Lihat ke Halaman Asli

Avena Widia A

mahasiswa universitas negeri malang

Pasal 240 241 RKUHP, Bagaimana Tanggapan Masyarakat?

Diperbarui: 11 Desember 2022   12:39

Kompasiana adalah platform blog. Konten ini menjadi tanggung jawab bloger dan tidak mewakili pandangan redaksi Kompas.

Hukum. Sumber ilustrasi: FREEPIK/Freepik

RKUHP merupakan Rancangan Kitab Undang-Undang Hukum Pidana yang nantinya jika disahkan akan menjadi Kitab Undang-undang Hukum Pidana (KUHP). KUHP merupakan peraturan perundang-undangan yang dijadikan sebagai dasar penetapan hukuman pidana di Indonesia.

RKUHP sudah melewati perjalanan panjang sejak tahun 2015. Rencananya RKUHP ini akan disahkan pada bulan Juli 2022, namun dikarenakan masih ada pasal-pasal yang menimbulkan perdebatan pengesahan RKUHP ini pun ditunda, hingga akhirnya disahkan pada bulan Desember 2022.

Pengesahan RKUHP yang dilaksanakan pada sidang paripurna, Selasa (06/12/22) menuai banyak kritikan karena memuat beberapa pasal yang kontroversial. RKUHP disoroti publik karena adanya pasal 240 dan 241 yang berisi tentang penghinaan pemerintah dan lembaga negara.

Pasal 240 berisikan "Setiap orang yang di muka umum melakukan  penghinaan terhadap pemerintah yang sah yang berakibat terjadinya kerusuhan dalam masyarakat dipidana dengan pidana penjara paling lama 3 (tiga) tahun atau pidana denda paling banyak kategori IV."

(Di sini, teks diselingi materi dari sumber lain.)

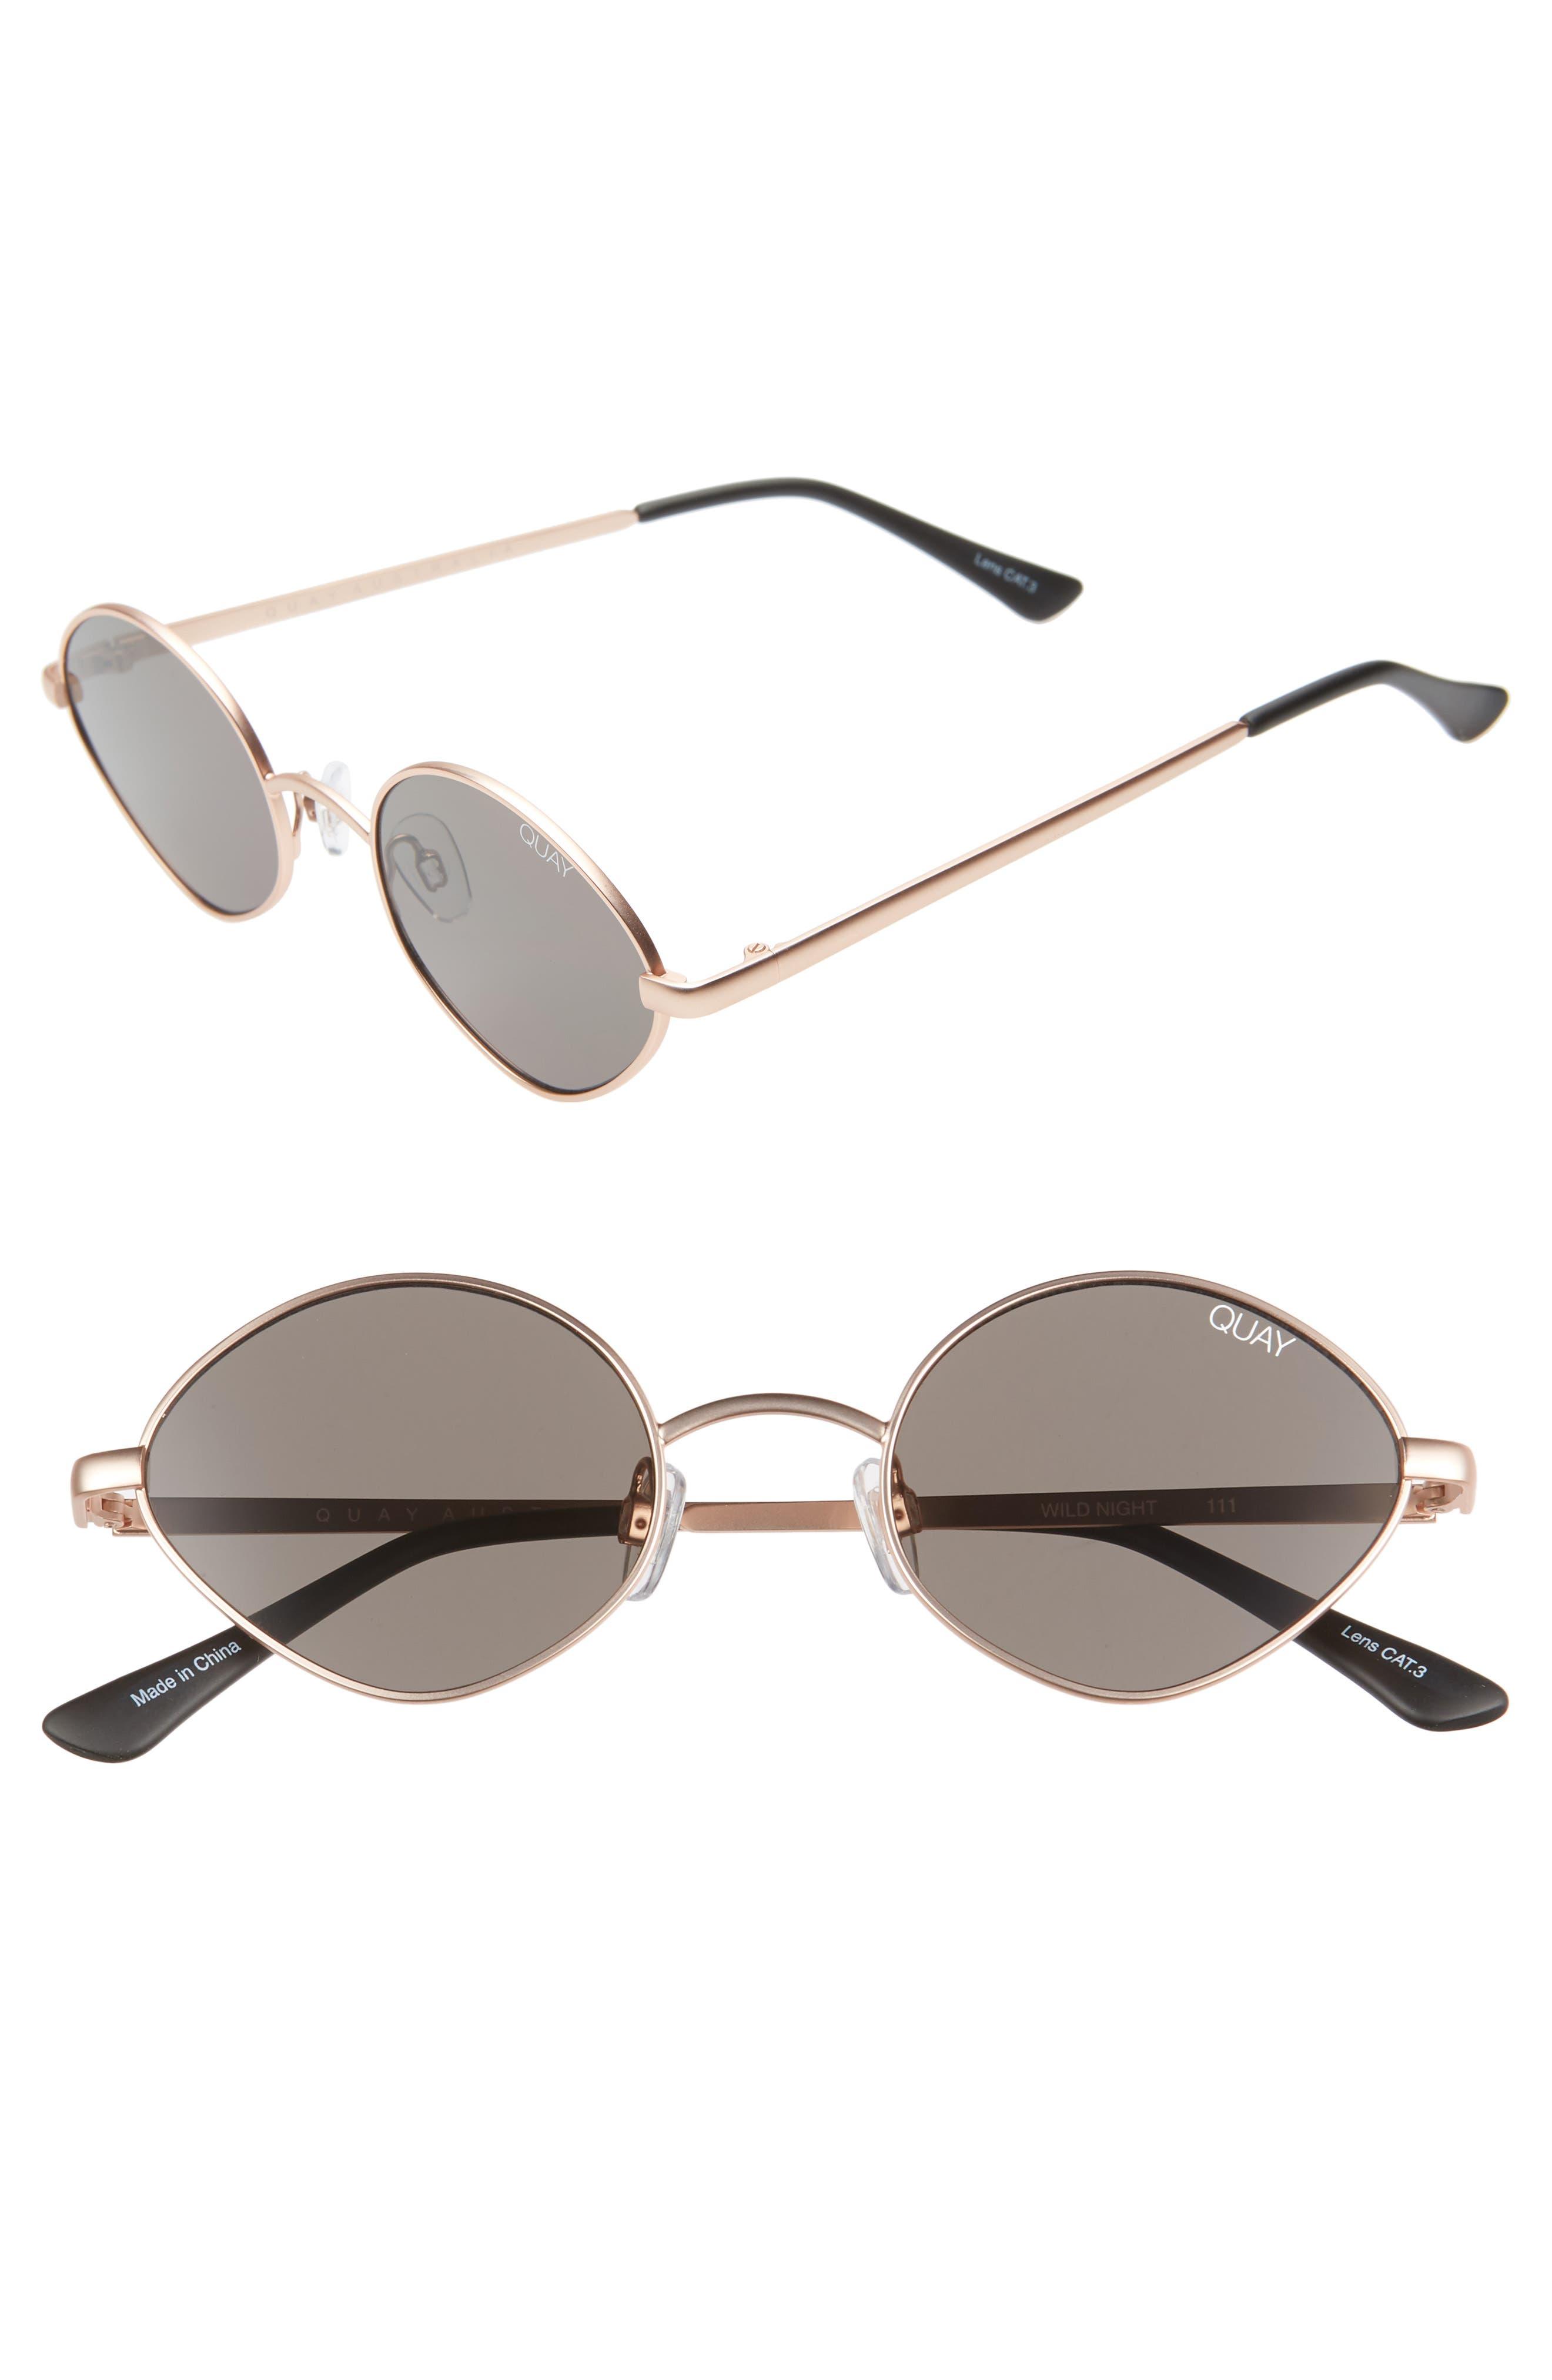 Quay Australia Wild Night 55Mm Teardrop Sunglasses - Rose Gold/ Smoke

Dikutip dari sumber Twitter @LBH_Jakarta mengatakan bahwa dalam draft 30 November 2022, penghinaan terhadap pemerintah dan lembaga negara dilebur menjadi satu pasal dan menjadi delik aduan secara terbatas, untuk penghinaan yang tidak mengakibatkan kerusuhan.

Publik beropini bahwa pasal tersebut kurang transparansi dan tidak jelas. Adanya kata 'penghinaan' dianggap tidak jelas karena tidak adanya batasan penghinaan yang dimaksudkan. Menurut saya, pemerintah seharusnya dijadikan sebagai objek kritik, namun dengan adanya pasal ini menjadikan seakan pemerintah kebal akan kritikan.

"Bagaimana jika masyarakat mengkritik namun mereka malah terkena pidana karena dianggap menghujat pemerintah?" Kata @rrubian di media sosial Tiktok yang dia unggah. (https://www.tiktok.com/@rrubian/video/7174055332803644698?is_copy_url=1&is_from_webapp=v1&item_id=7174055332803644698&q=rkuhp&t=1670485668608)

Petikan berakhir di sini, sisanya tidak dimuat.